Essentials of Single-Cell Analysis

Essentials of Single-Cell Analysis
Author: Fan-Gang Tseng
Publisher: Springer
Total Pages: 415
Release: 2016-01-21
Genre: Technology & Engineering
ISBN: 3662491184

Download Essentials of Single-Cell Analysis Book in PDF, ePub and Kindle

This book provides an overview of single-cell isolation, separation, injection, lysis and dynamics analysis as well as a study of their heterogeneity using different miniaturized devices. As an important part of single-cell analysis, different techniques including electroporation, microinjection, optical trapping, optoporation, rapid electrokinetic patterning and optoelectronic tweezers are described in detail. It presents different fluidic systems (e.g. continuous micro/nano-fluidic devices, microfluidic cytometry) and their integration with sensor technology, optical and hydrodynamic stretchers etc., and demonstrates the applications of single-cell analysis in systems biology, proteomics, genomics, epigenomics, cancer transcriptomics, metabolomics, biomedicine and drug delivery systems. It also discusses the future challenges for single-cell analysis, including the advantages and limitations. This book is enjoyable reading material while at the same time providing essential information to scientists in academia and professionals in industry working on different aspects of single-cell analysis.
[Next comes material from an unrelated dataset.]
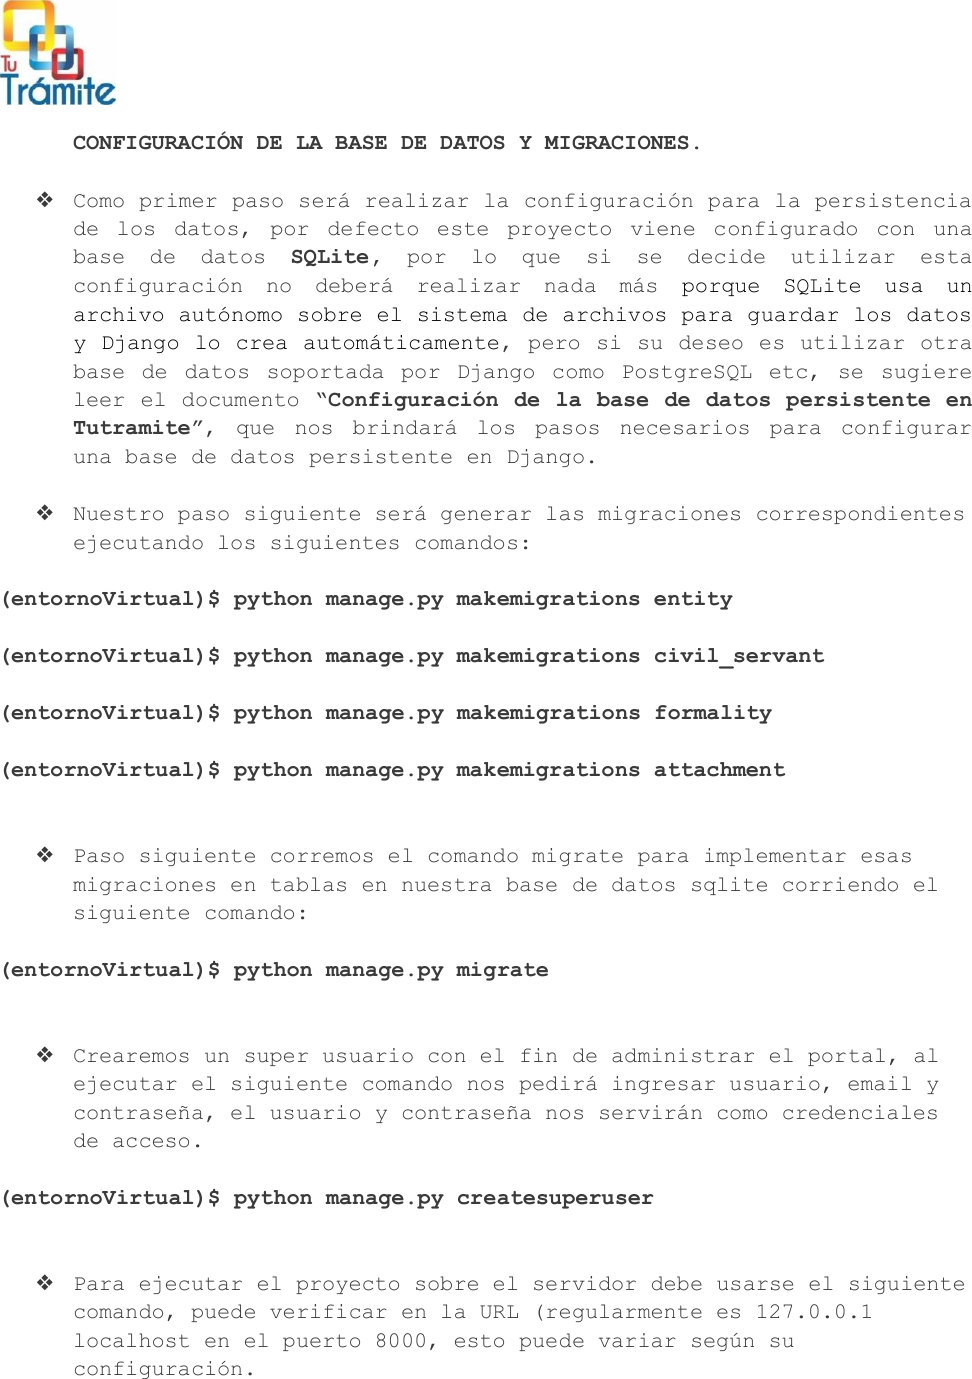 Page 3 of 4 - Manual Despliegue Windows

Dr. Fan-Gang Tseng is a Distinguished Professor of Engineering and System Science at the National Tsing Hua University, Taiwan. Dr. Tuhin Subhra Santra is a Research Associate at the California Nano Systems Institute, University of California at Los Angeles, USA.


Precision Medicine in Cancer Therapy

Precision Medicine in Cancer Therapy
Author: Daniel D. Von Hoff
Publisher: Springer
Total Pages: 283
Release: 2019-06-17
Genre: Medical
ISBN: 3030163911

Download Precision Medicine in Cancer Therapy Book in PDF, ePub and Kindle

This book presents the latest advances in precision medicine in some of the most common cancer types, including hematological, lung and breast malignancies. It also discusses emerging technologies that are making a significant impact on precision medicine in cancer therapy. In addition to describing specific approaches that have already entered clinical practice, the book explores new concepts and tools that are being developed. Precision medicine aims to deliver personalized healthcare tailored to a patient’s genetics, lifestyle and environment, and cancer therapy is one of the areas in which it has flourished in recent years. Documenting the latest advances, this book is of interest to physicians and clinical fellows in the front line of the war on cancer, as well as to basic scientists working in the fields of cancer biology, drug development, biomarker discovery, and biomedical engineering. The contributing authors include translational physicians with first-hand experience in precision patient care.